ENTRIES SHOWN –
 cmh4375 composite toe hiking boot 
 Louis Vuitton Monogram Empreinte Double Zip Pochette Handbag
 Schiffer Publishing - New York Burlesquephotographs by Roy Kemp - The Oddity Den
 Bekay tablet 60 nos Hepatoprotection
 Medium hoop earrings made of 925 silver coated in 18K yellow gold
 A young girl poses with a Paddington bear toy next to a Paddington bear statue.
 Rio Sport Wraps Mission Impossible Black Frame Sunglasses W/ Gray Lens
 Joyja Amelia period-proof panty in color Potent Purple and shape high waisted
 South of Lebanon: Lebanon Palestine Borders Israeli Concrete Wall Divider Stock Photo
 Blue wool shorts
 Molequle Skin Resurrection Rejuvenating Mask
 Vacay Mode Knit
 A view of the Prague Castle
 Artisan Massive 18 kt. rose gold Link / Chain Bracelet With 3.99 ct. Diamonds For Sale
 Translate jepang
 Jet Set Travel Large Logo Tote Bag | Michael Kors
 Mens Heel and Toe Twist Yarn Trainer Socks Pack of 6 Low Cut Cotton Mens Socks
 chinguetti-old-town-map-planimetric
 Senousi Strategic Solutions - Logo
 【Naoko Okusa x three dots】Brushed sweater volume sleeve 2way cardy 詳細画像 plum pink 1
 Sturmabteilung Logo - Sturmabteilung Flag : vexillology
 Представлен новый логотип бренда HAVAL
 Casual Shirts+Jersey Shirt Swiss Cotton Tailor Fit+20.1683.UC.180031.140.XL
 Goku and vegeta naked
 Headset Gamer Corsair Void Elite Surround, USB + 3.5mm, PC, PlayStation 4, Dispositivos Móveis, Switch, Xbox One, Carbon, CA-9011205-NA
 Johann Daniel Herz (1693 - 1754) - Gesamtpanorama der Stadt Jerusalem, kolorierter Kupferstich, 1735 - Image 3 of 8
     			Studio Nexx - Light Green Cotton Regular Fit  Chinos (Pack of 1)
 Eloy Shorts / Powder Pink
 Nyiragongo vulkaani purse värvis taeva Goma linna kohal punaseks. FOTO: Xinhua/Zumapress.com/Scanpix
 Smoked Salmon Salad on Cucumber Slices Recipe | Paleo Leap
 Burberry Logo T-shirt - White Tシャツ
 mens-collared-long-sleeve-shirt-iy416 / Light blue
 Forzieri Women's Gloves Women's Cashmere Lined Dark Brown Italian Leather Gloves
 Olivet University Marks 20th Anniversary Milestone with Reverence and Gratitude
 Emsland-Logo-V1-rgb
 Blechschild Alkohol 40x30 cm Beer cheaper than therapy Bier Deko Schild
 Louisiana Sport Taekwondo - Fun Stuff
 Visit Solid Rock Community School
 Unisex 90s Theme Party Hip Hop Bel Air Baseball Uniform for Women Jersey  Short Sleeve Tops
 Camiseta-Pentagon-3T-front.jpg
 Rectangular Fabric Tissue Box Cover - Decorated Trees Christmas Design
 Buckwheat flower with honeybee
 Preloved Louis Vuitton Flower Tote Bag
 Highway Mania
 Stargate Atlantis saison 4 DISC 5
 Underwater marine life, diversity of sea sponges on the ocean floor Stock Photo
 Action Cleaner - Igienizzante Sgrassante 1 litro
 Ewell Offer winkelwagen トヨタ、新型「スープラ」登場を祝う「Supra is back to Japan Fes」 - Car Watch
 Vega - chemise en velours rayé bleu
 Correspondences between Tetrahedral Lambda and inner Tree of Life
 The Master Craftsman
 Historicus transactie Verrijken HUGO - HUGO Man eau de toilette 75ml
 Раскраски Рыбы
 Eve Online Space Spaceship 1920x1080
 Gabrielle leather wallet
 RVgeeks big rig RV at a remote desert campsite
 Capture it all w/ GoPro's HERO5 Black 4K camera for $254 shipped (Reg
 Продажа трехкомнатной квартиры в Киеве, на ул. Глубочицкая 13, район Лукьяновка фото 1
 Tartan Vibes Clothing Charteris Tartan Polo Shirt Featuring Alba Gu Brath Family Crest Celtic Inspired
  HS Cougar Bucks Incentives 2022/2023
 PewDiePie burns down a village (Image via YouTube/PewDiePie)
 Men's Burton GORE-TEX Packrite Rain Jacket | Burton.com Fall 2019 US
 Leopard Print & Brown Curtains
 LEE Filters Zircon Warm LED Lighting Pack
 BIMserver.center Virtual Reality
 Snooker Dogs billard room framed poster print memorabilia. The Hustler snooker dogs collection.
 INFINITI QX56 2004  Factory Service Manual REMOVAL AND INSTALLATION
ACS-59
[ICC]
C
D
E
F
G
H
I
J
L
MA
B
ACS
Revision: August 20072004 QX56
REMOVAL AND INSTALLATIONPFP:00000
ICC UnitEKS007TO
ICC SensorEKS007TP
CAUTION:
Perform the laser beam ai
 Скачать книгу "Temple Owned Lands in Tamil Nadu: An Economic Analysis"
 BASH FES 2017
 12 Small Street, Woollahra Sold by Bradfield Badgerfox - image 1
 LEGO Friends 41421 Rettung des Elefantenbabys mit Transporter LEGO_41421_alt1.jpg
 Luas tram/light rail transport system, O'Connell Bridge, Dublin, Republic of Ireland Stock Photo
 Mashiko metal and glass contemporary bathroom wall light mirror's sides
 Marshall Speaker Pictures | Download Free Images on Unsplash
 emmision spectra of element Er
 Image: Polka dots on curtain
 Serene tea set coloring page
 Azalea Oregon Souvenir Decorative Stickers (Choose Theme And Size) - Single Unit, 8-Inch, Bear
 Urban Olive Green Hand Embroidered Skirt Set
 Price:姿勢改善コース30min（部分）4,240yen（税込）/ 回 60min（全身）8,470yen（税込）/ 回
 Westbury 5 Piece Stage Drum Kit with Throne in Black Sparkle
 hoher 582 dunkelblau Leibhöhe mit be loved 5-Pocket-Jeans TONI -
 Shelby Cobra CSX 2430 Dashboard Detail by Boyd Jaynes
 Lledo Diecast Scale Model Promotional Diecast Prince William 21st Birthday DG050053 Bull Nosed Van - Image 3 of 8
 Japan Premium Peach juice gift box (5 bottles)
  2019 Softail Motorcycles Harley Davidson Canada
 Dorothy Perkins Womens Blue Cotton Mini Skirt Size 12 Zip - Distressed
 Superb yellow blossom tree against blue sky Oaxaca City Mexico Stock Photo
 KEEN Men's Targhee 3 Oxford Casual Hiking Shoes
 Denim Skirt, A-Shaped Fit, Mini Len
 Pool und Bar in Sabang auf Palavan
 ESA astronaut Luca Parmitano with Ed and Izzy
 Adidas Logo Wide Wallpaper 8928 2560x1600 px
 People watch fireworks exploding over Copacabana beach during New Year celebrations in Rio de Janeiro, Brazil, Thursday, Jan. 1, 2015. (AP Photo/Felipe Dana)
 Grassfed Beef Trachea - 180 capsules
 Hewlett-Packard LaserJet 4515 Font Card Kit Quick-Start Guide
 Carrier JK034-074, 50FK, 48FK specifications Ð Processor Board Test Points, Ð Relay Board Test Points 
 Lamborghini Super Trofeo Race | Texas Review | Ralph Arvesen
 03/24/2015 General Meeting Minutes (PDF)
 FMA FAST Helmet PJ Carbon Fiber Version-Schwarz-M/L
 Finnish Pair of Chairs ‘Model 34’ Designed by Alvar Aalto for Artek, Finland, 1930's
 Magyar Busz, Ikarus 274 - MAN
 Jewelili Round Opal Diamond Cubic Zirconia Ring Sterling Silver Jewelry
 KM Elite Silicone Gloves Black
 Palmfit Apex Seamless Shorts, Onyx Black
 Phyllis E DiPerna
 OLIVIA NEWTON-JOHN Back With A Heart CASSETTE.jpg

TASK STATEMENT – Every line above from the line with "Rectangular Fabric Tissue" to the line with "Revision: August 20072004 QX56", inclusive, must be returned exactly; no other line belongs in the reply.

COMPLETED EXERCISE –
 Rectangular Fabric Tissue Box Cover - Decorated Trees Christmas Design
 Buckwheat flower with honeybee
 Preloved Louis Vuitton Flower Tote Bag
 Highway Mania
 Stargate Atlantis saison 4 DISC 5
 Underwater marine life, diversity of sea sponges on the ocean floor Stock Photo
 Action Cleaner - Igienizzante Sgrassante 1 litro
 Ewell Offer winkelwagen トヨタ、新型「スープラ」登場を祝う「Supra is back to Japan Fes」 - Car Watch
 Vega - chemise en velours rayé bleu
 Correspondences between Tetrahedral Lambda and inner Tree of Life
 The Master Craftsman
 Historicus transactie Verrijken HUGO - HUGO Man eau de toilette 75ml
 Раскраски Рыбы
 Eve Online Space Spaceship 1920x1080
 Gabrielle leather wallet
 RVgeeks big rig RV at a remote desert campsite
 Capture it all w/ GoPro's HERO5 Black 4K camera for $254 shipped (Reg
 Продажа трехкомнатной квартиры в Киеве, на ул. Глубочицкая 13, район Лукьяновка фото 1
 Tartan Vibes Clothing Charteris Tartan Polo Shirt Featuring Alba Gu Brath Family Crest Celtic Inspired
  HS Cougar Bucks Incentives 2022/2023
 PewDiePie burns down a village (Image via YouTube/PewDiePie)
 Men's Burton GORE-TEX Packrite Rain Jacket | Burton.com Fall 2019 US
 Leopard Print & Brown Curtains
 LEE Filters Zircon Warm LED Lighting Pack
 BIMserver.center Virtual Reality
 Snooker Dogs billard room framed poster print memorabilia. The Hustler snooker dogs collection.
 INFINITI QX56 2004  Factory Service Manual REMOVAL AND INSTALLATION
ACS-59
[ICC]
C
D
E
F
G
H
I
J
L
MA
B
ACS
Revision: August 20072004 QX56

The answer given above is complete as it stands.